The quality of life and psycho-social and emotional well-being are important longer-term outcomes [19]. Eleven out of the fifteen surviving patients in our cohort were either in college at follow-up or had the ability to go to college but had opted to wait. These eleven patients were noted to be physically active and independent. The remaining four patients had either significant developmental delay, as is the case for the two patients who suffered from CVAs. Two had milder developmental delay but difficulty with psychiatric and behavioral issues. These two patients also had complications related to their Fontan circulation, including PLE and arrhythmia. Similar to the Pediatric Heart Network Fontan Cohort [20], the large majority of our patients are in a somewhat ‘normal’ range for quality of life measures when compared to subjects free from CHD.

Over the course of our studies, 12 of the original cohort were LTFU to our institution because they lived out of state, and we have no information on whether these patients are alive or the current state of their Fontan circulation. Given the incidence of Fontan circulation-related complications in our cohort, it is important there be ongoing care and follow up, and as these patients reach adulthood, that there are seamless transitions of care.
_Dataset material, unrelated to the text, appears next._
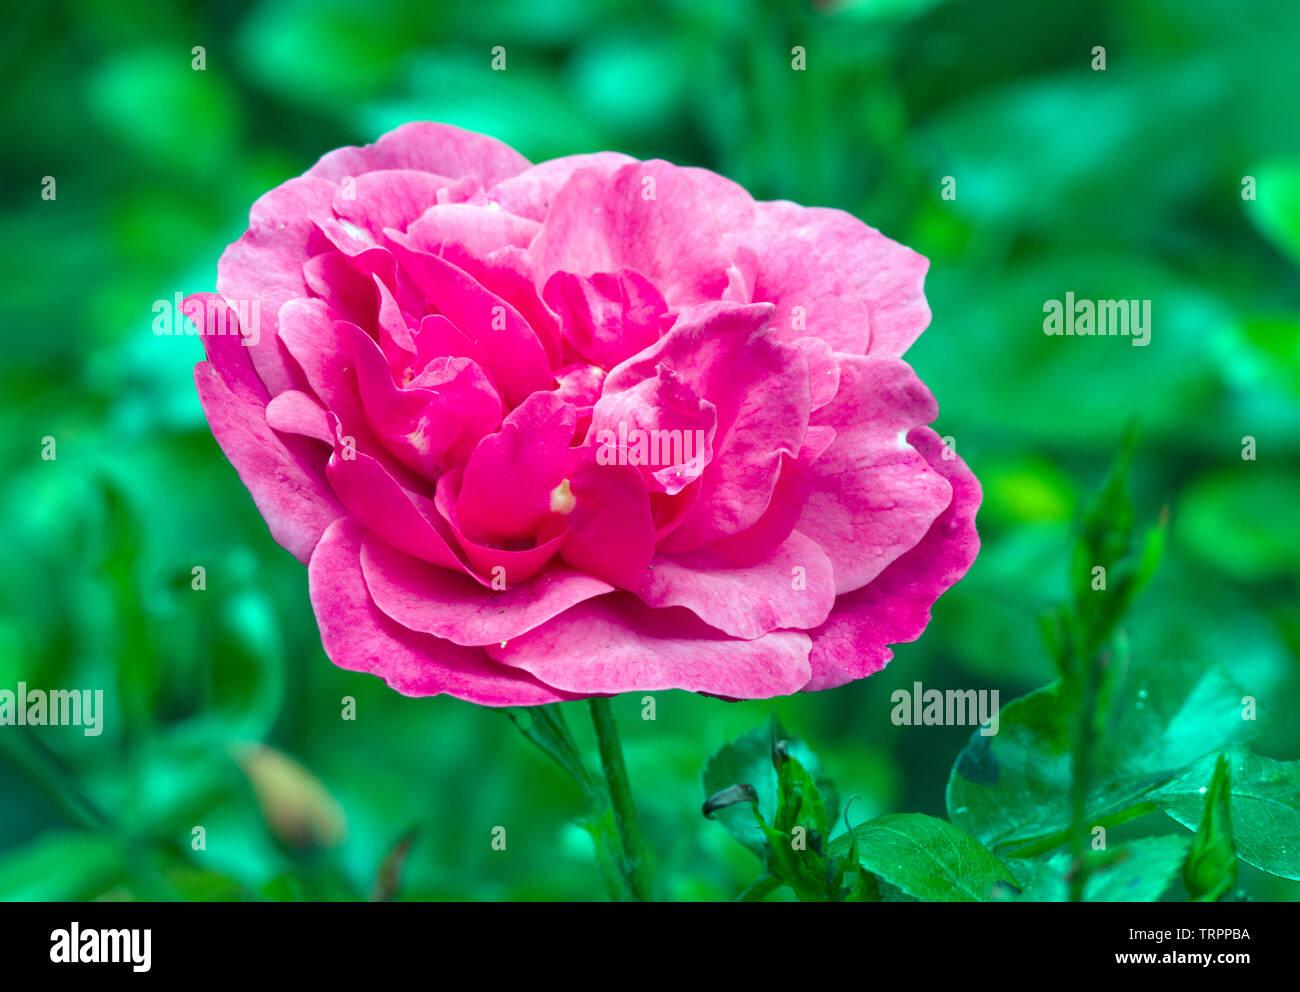 Rose Les Amoureux De Peynet Foto Imagen De Stock

There are limitations to this study, including that it is a retrospective chart review with a small sample size, which lead to limited ability to perform statistical analyses.

5  Conclusion

This retrospective review of a homogeneous cohort of patients with HLHS followed through staged palliations to adulthood shows the high incidence and risk for thrombus over time. Despite a high incidence of FALD, most patients had an acceptable quality of life and NYHA Class I functional status. Based on our review of the literature, we believe that our findings reflect what is seen in the general Fontan population. Given this, close surveillance of both FALD and changes in coagulation profiles over time is worthwhile for future investigation to potentially identify patients at higher risk and direct targeted therapy.

Authorship: All listed authors have substantially contributed to the manuscript and have approved the final submitted version. The authors confirm contribution to the paper as follows: study conception and design: Eleni P. Asimacopoulos and Kirsten C. Odegard; data collection: Eleni P. Asimacopoulos; analysis and interpretation of results: Eleni P. Asimacopoulos, Steven J. Staffa, Peter C. Laussen and Kirsten C. Odegard; draft manuscript preparation: Eleni P. Asimacopoulos, Steven J. Staffa, Peter C. Laussen and Kirsten C. Odegard. All authors reviewed the results and approved the final version of the manuscript.

Ethics Approval: This study was approved by the Boston Children’s Hospital Institutional Review Board (Approval No. IRB-P00020852) and the patient consent was waived due to its retrospective nature.

Funding Statement: No separate funding was used in this study.

Conflicts of Interest: The authors declare that they have no conflicts of interest to report regarding the present study. All co-authors have seen and agree with the contents of the manuscript.